Professor Kathleen Pithouse-Morgan of UKZN’s School of Education has been awarded the prestigious SA Education Research Association (SAERA) Research Honours Award for outstanding contributions to educational research in South Africa over a sustained period.
This national award is made annually to an individual or research entity for an extraordinary impact on educational research in the country.
‘The award recognises my work over the past decade in facilitating transdisciplinary self-reflexive research locally and internationally,’ said Pithouse-Morgan. ‘I have collaborated with many other academics to support and guide communities of university educators and postgraduate students interested in enacting self-reflexive methodologies, using creative and participatory approaches.’
Serving as Chair of the American Educational Research Association (AERA) Self-Study of Teacher Education Practices (S-STEP) Special Interest Group (SIG) and Convener of the SAERA Self-Reflexive Methodologies SIG, has allowed Pithouse-Morgan to witness the collective creativity of the global self-reflexive community of scholars. These collaborations have supported and extended her research in professional learning.
In turn, she has a passion for and strong commitment to mentoring newcomers to self-reflexive research.
‘I trust that this award will offer encouragement to other self-reflexive scholars, whether beginners or more experienced, who wish to gain insight into their professional selves and practices using creative approaches,’ she said. ‘The award is a validation of how imaginative inquiry in the company of diverse others can produce new ways of knowing that have significant implications for educational and social change. I am inspired to move forward in opening new spaces for self-reflexive research that can change the status quo for professional knowledge and practice on a global level.’

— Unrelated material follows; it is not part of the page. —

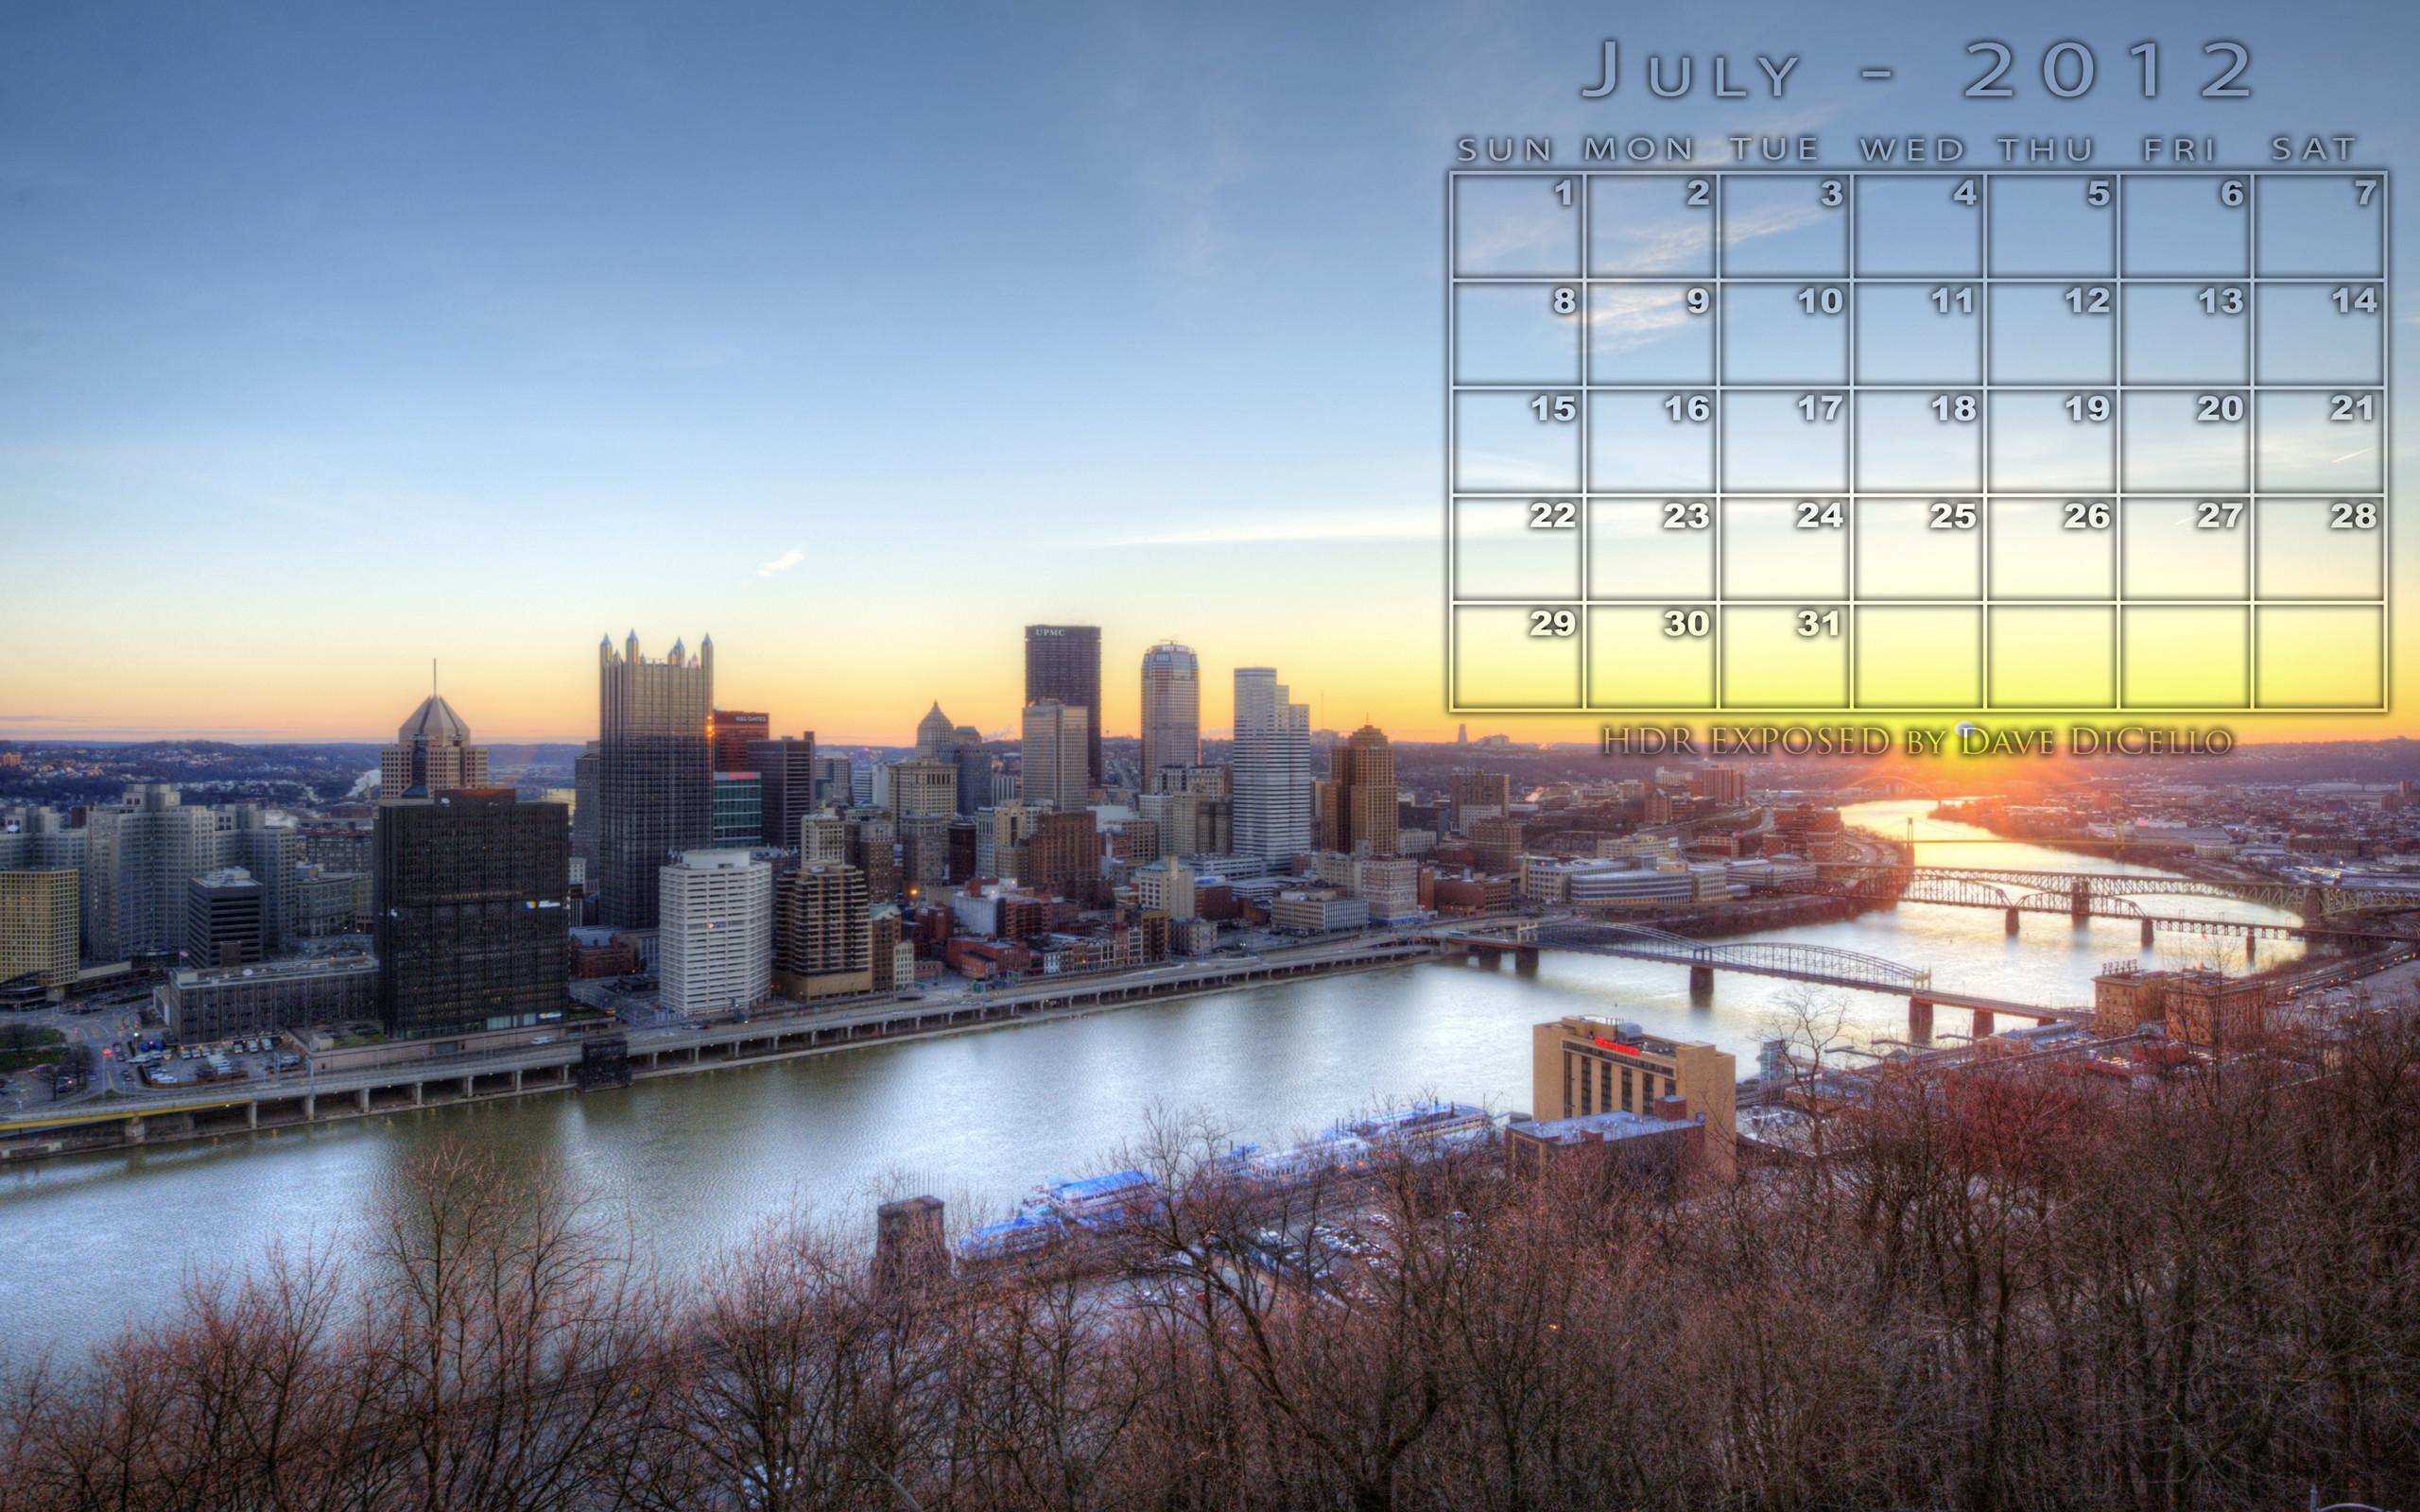 Pittsburgh Desktop Wallpaper Skyline: City Of Pittsburgh Wallpaper (62+ Images
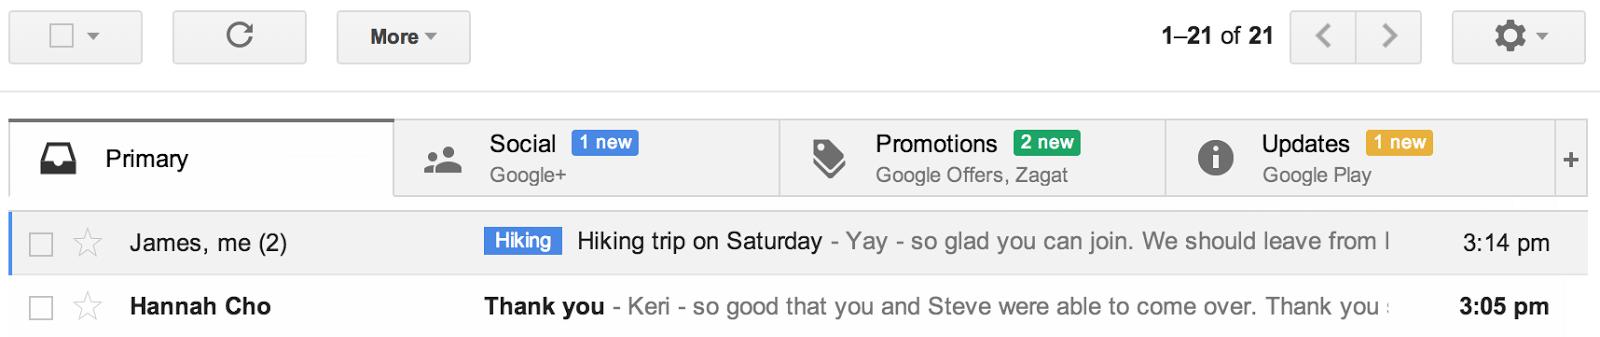 29. Mai 2013: Gmail erhält Tabs...

Pithouse-Morgan’s scholarship is in the field of professional learning, with a specific focus on better understanding and supporting teachers as self-directed and self-developing learners. Through the self-reflexive methodologies of self-study research, narrative inquiry, and autoethnography, her work documents and theorises how teachers can gain vital insights into their professional selves and practices – with critical implications for personal-professional growth and social transformation.
Using creative and transdisciplinary approaches, Pithouse-Morgan has collaborated across contexts and continents to study methodological inventiveness in professional learning research. Her academic work has given rise to a unique design of ‘poetic professional learning’ as a literary arts-inspired research mode.
She was recently named as an executive editor of the international and multidisciplinary journal, Teaching and Teacher Education (TATE) – among the first academics from an African university to be appointed to the position on the publication, one of the most prestigious educational research journals globally.
In 2018, Pithouse-Morgan received UKZN’s Distinguished Teachers’ Award and in 2019, was awarded the coveted National Excellence in Teaching and Learning Award by the Council on Higher Education (CHE) and the Higher Education Learning and Teaching Association of Southern Africa (HELTASA).